By the conflict’s final weeks, the Royal Flying Corps had its own formation of Handley Page V/1500s in Norfolk that were ready to undertake attacks on Berlin. The mission would have seen eight of the lumbering four-engine aircraft drop more than 10 tons of bombs on the German capital. The Armistice was signed just one day before the raid was to be launched.

Armoured Personnel Carriers

Britain's Mark IX, an early APC? (Image source: WikiCommons)
Britain’s Mark IX: an early APC? (Image source: WikiCommons)
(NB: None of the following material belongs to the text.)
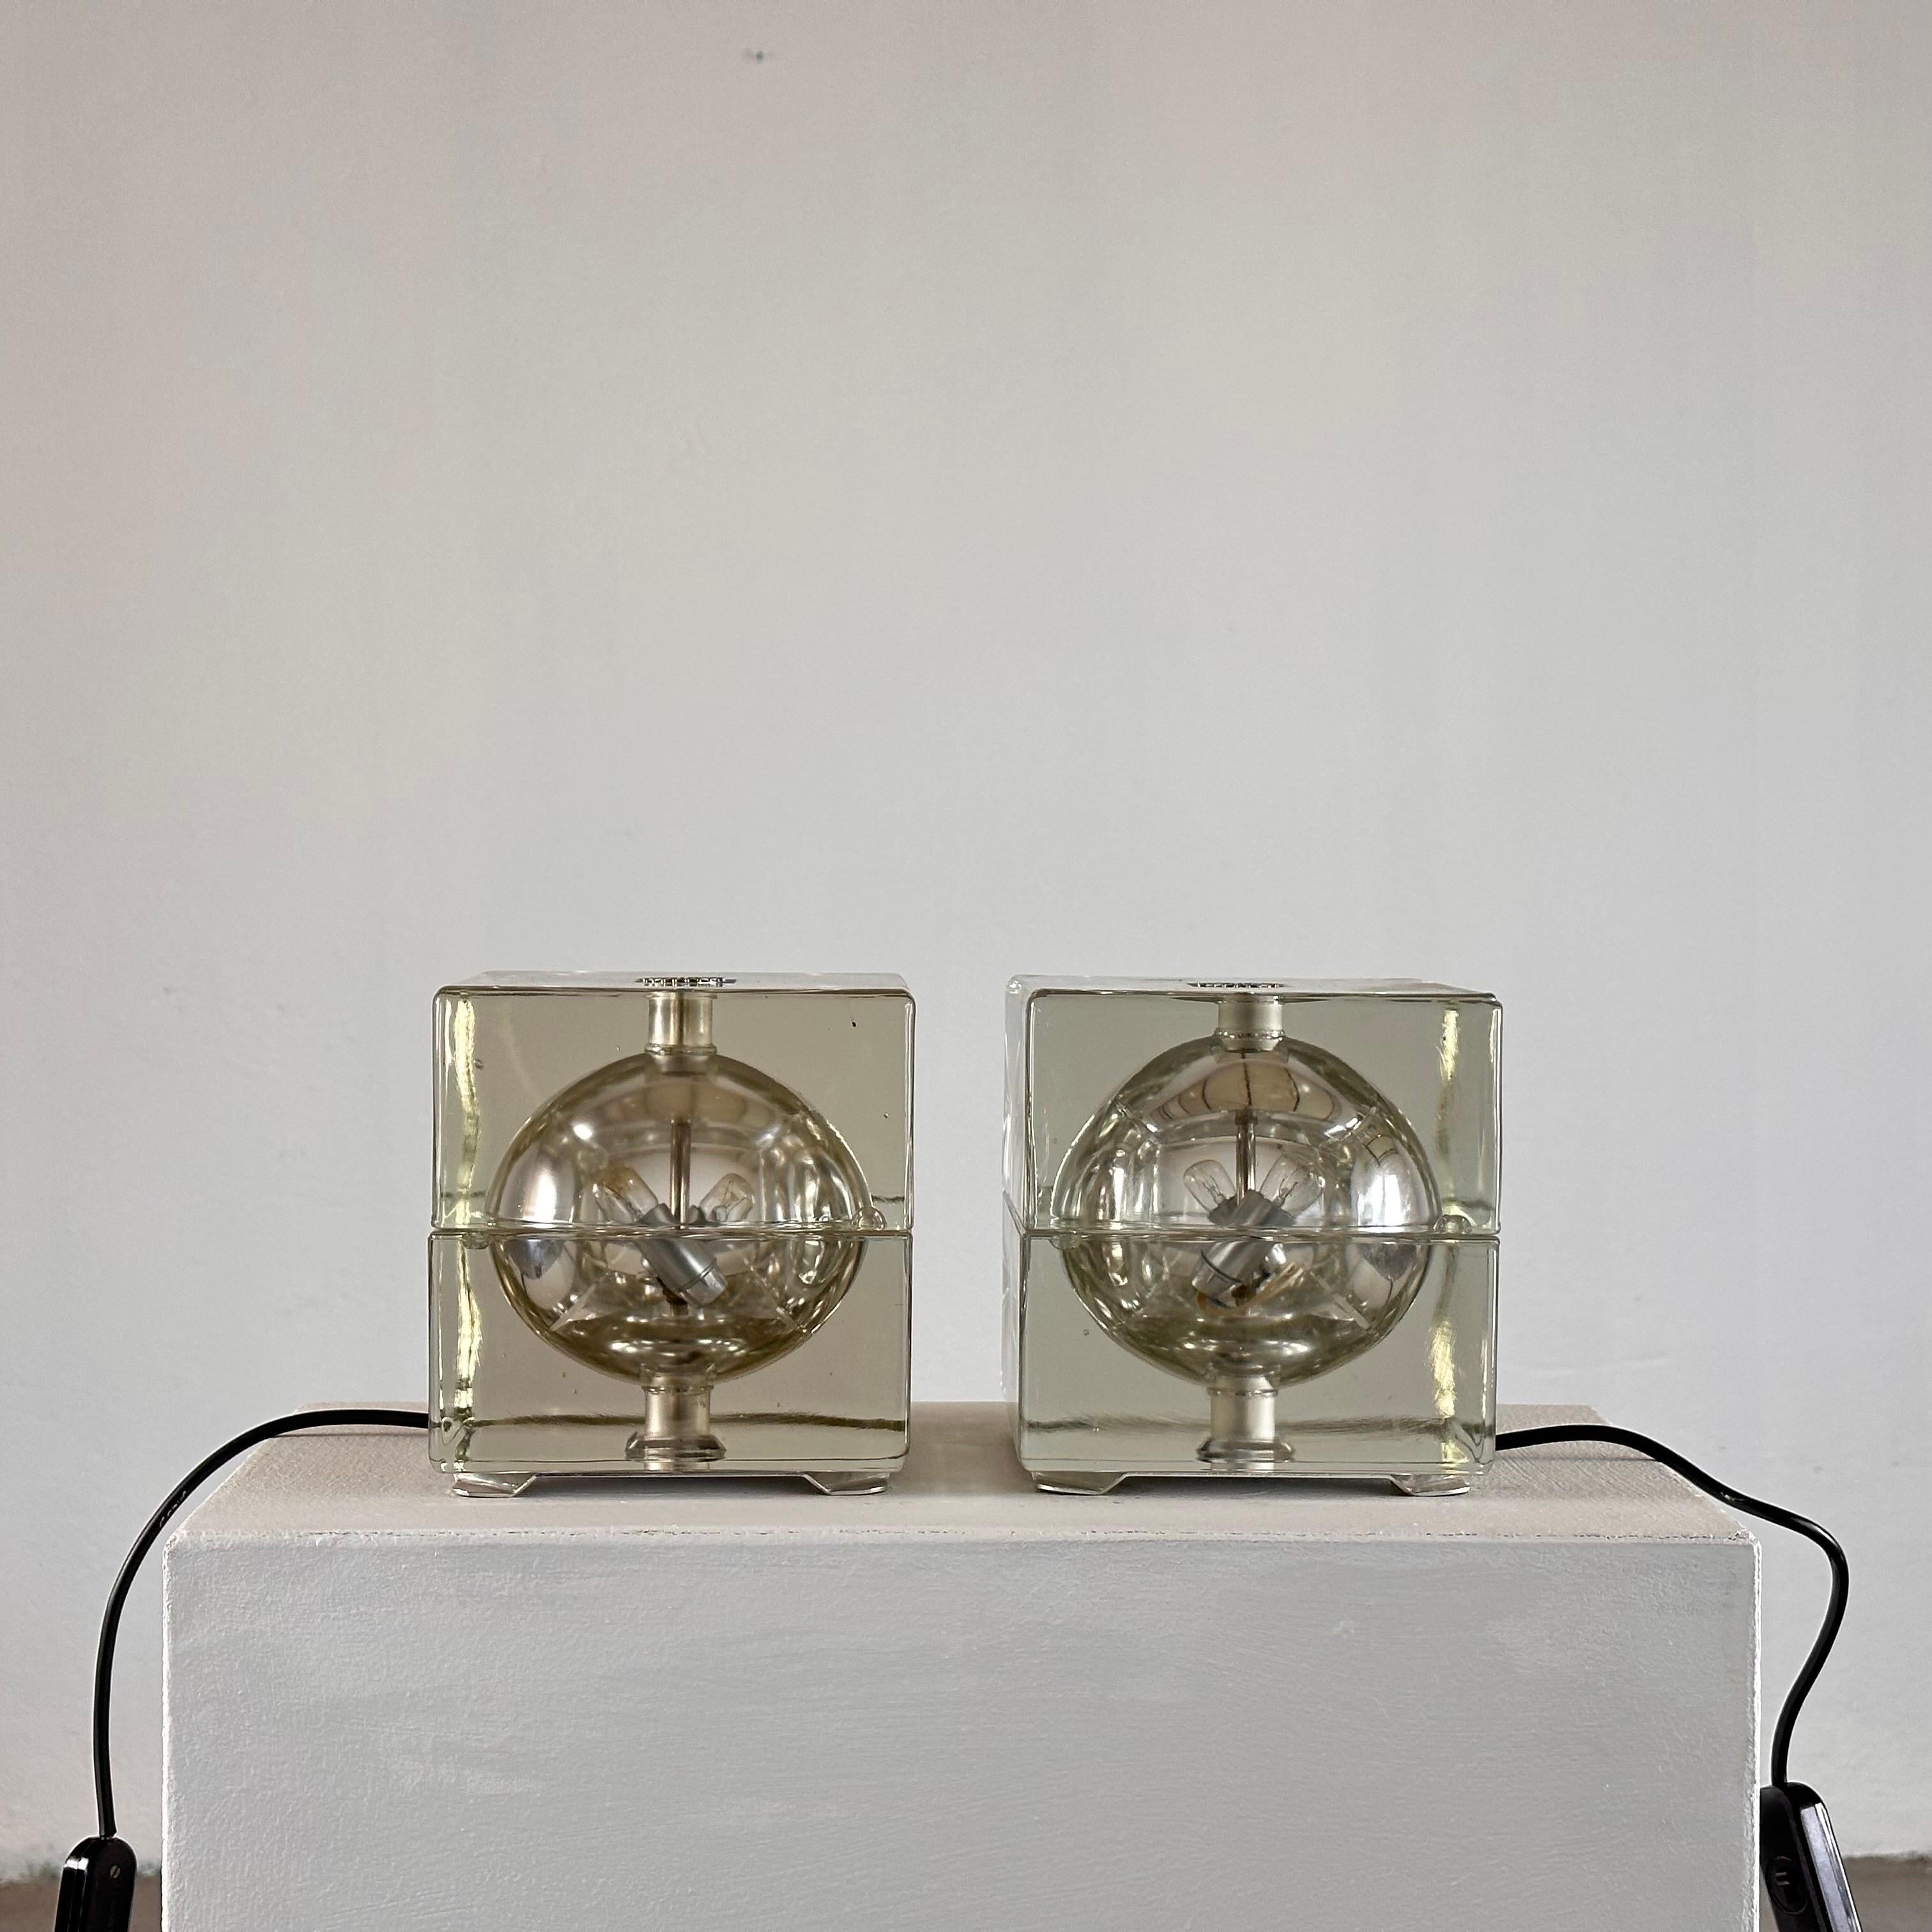 Mid-Century Modern “Cubosfera” Pair Table Lamps by Alessandro Mendini for Fidenza Vetraria, 1960s For Sale

Modern armoured troop carriers like the British Warrior, the American Bradley and the Russian BTR-80 are all descendants of the Mark IX, a sort of bunker-on-treads that the Allies hoped would end the bloodshed of trench warfare had the fighting continued into 1919. An elongated version of the ubiquitous British Mark V, the 30-foot, 27-ton monster, which was nicknamed “the pig,” was designed to carry a 30-man infantry platoon across No Man’s Land. Forward-mounted machine gun turrets and side-facing rifle slits would allow the crew and passengers to suppress enemy troops as the contraption rumbled forward at a blistering speed of 4 mph. Only 34 were ever manufactured; the war ended before any saw action.

Sonar

German U-boats would have been at the mercy of ASDIC or Sonar. (Image source: WikiCommons)
German U-boats would have been at the mercy of ASDIC or Sonar. (Image source: WikiCommons)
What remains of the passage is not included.